Investors are, understandably, gung-ho. “As an investor, we are very optimistic about the agritech space. We are seeing good quality entrepreneurs focusing on specific problem areas in farming,” says Subhadeep Sanyal, Partner, Omnivore, an impact venture fund which invests in agritech startups. According to Sanyal, India has over 1,000 agritech companies, with most of them emerging in the last five years. The trigger is simple — Indian farmers don’t have access to reliable financial services, quality inputs, round-the-year irrigation and mechanisation support, according to a report by Omnivore and venture capital firm Accel released in December last year.
These are some of the issues that Chennai-based Aquaconnect is solving. It was started in 2016 to help aquaculture farmers improve productivity and market linkages through its AI-backed mobile application and satellite remote sensing technology. Among its offerings is an advisory service. While the AI technology captures real-time data, machine learning algorithms provide customised mobile alerts to improve farm productivity, water quality and feeding patterns for fish and shrimps. Its e-bidding platform helps farmers sell directly. It also has an e-commerce platform for aquafarming needs. “We provide free advisory through our app. We earn revenue by providing customised products, including probiotics, to improve the health of fish and shrimps, apart from ammonia reducers and oxygenation products. It is a brand-agnostic marketplace. We are like the Amazon and Flipkart of aquafarming,” says Rajamanohar Somasundaram, CEO and Founder, Aquaconnect.

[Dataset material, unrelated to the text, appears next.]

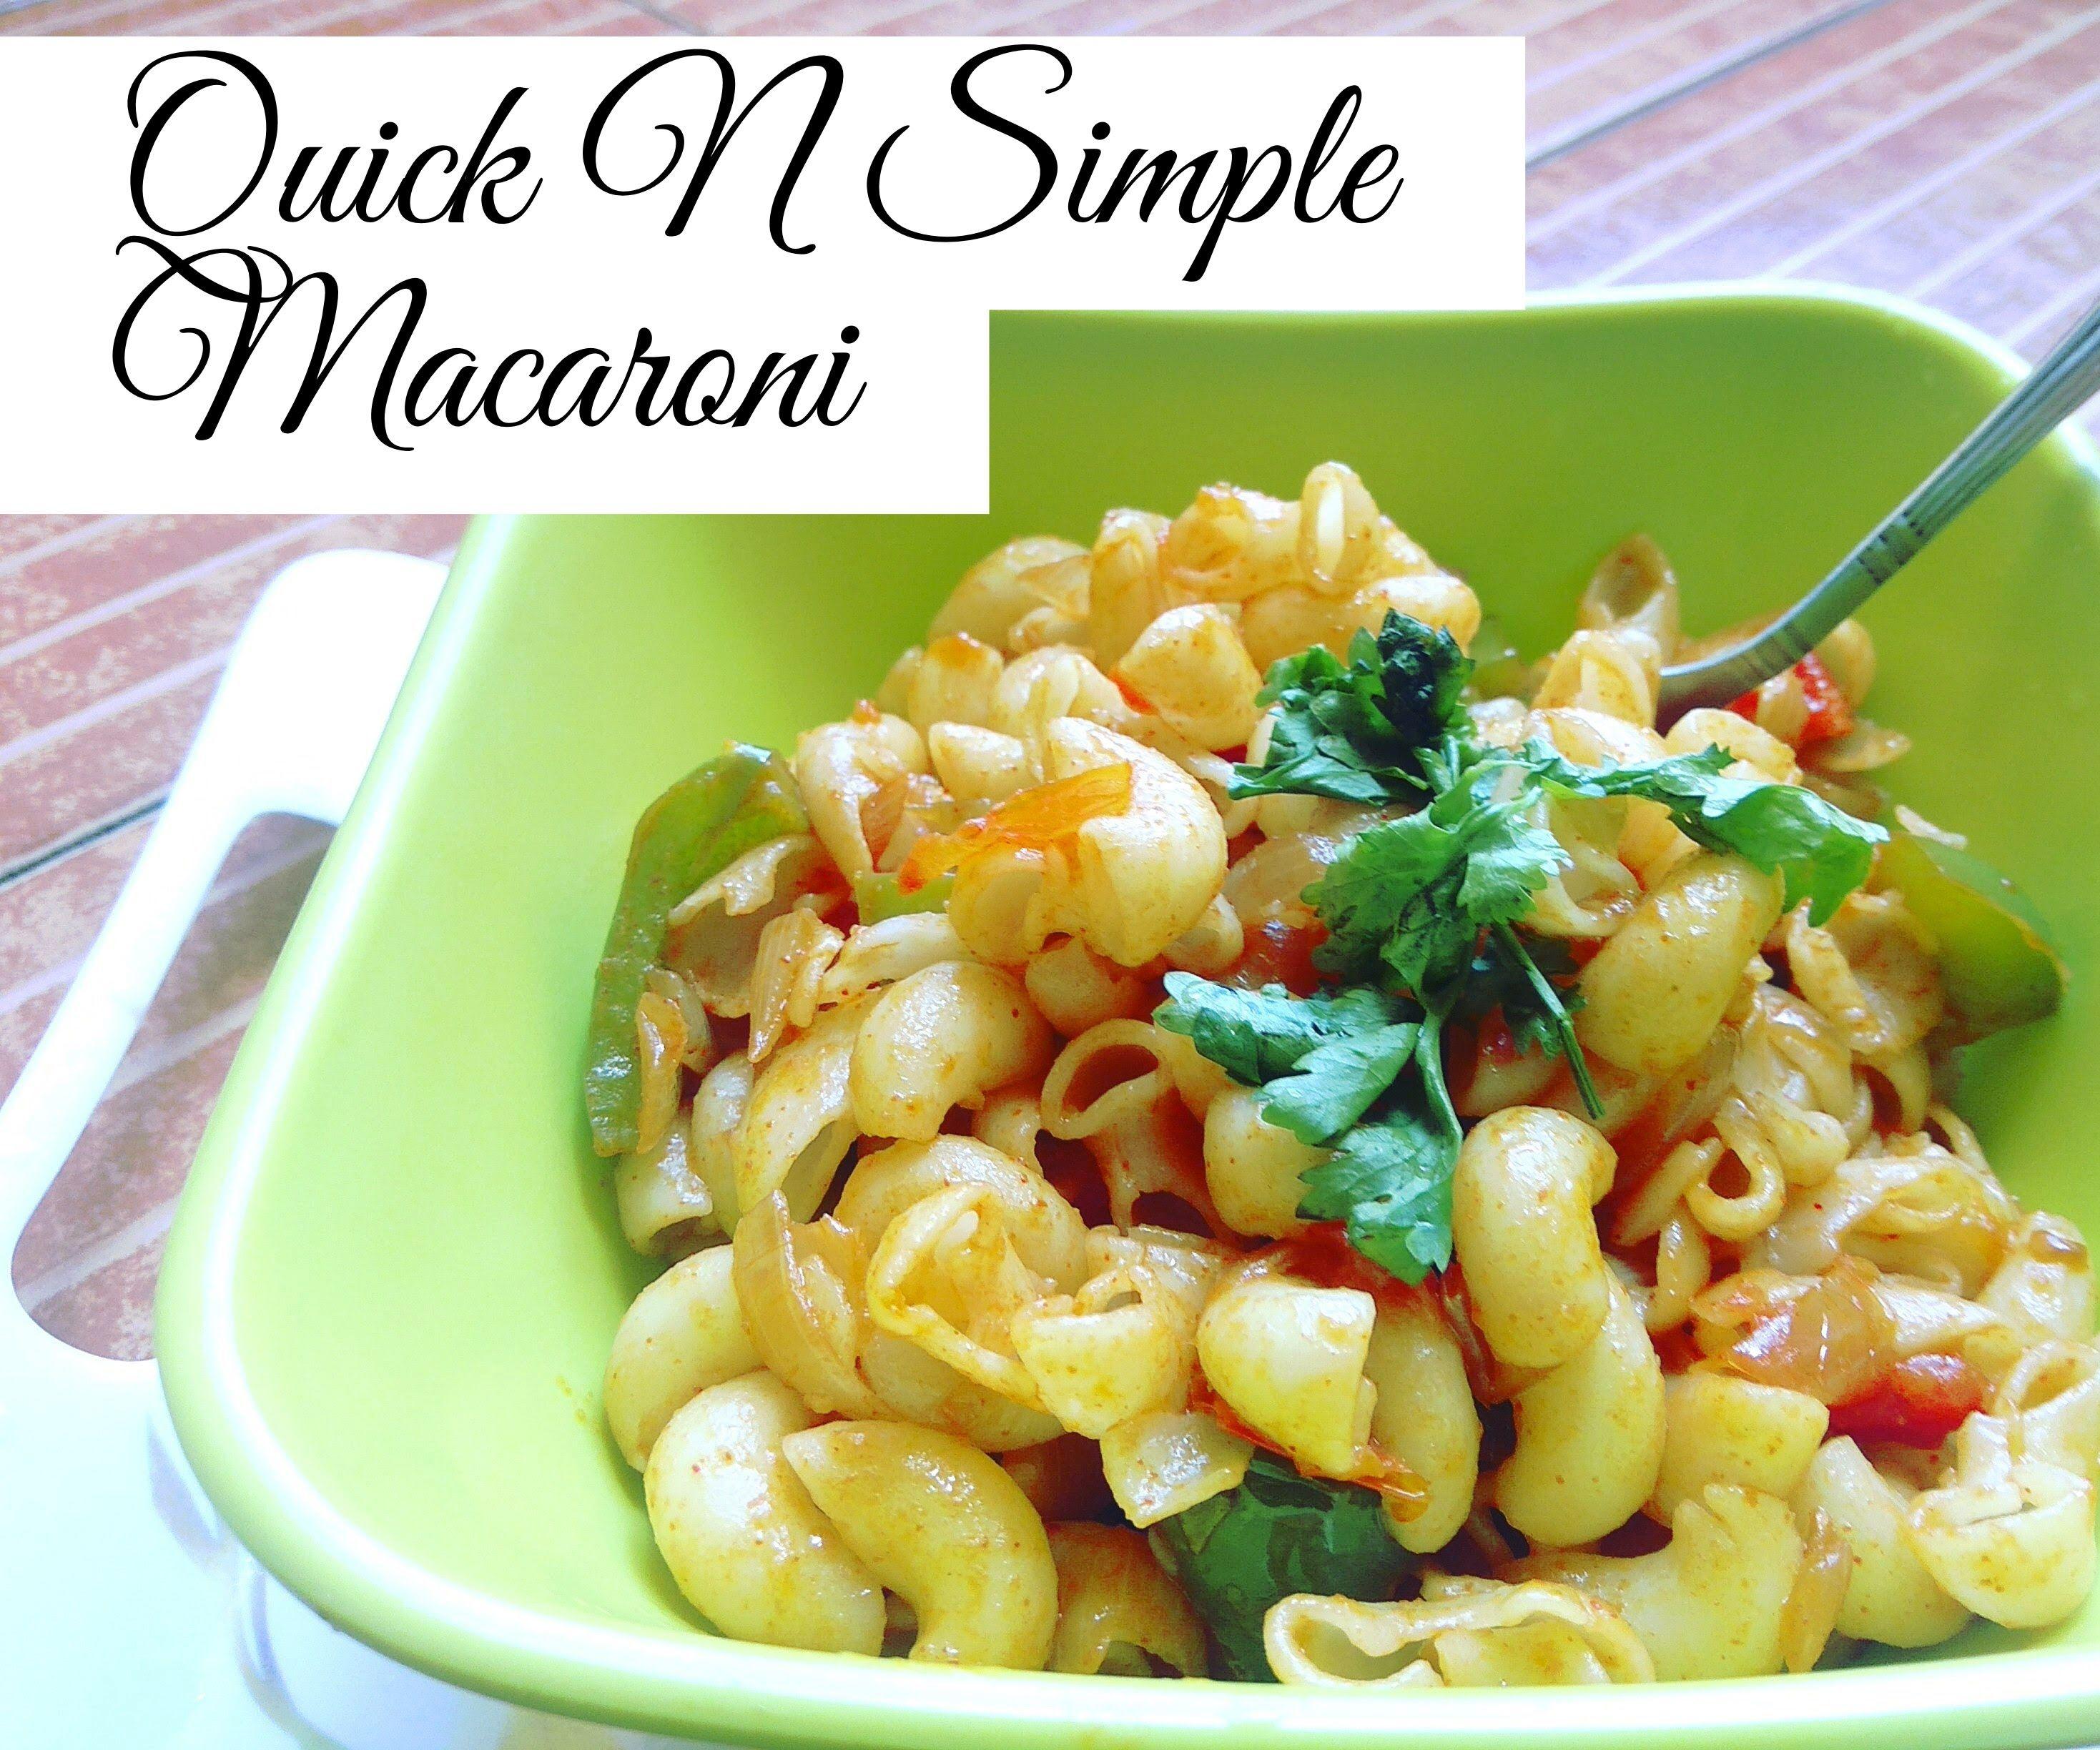 Quick Veggie Macaroni

Experts say increased penetration of smartphones and low cost of data are also the key factors driving the sector. According to estimates, over 30 million farmers use smartphones in the country. “We need more startups focusing on building tools that would help a farmer reduce cost of irrigation, pesticides and fertilisers,” says Sanyal, adding, “We have a widespread agricultural research system. But a lot of that doesn’t percolate down (to farmers). I think start-ups are a medium to take those technologies and adapt them to operational models.”
It seems the Indian startup system is set for the next big disruption.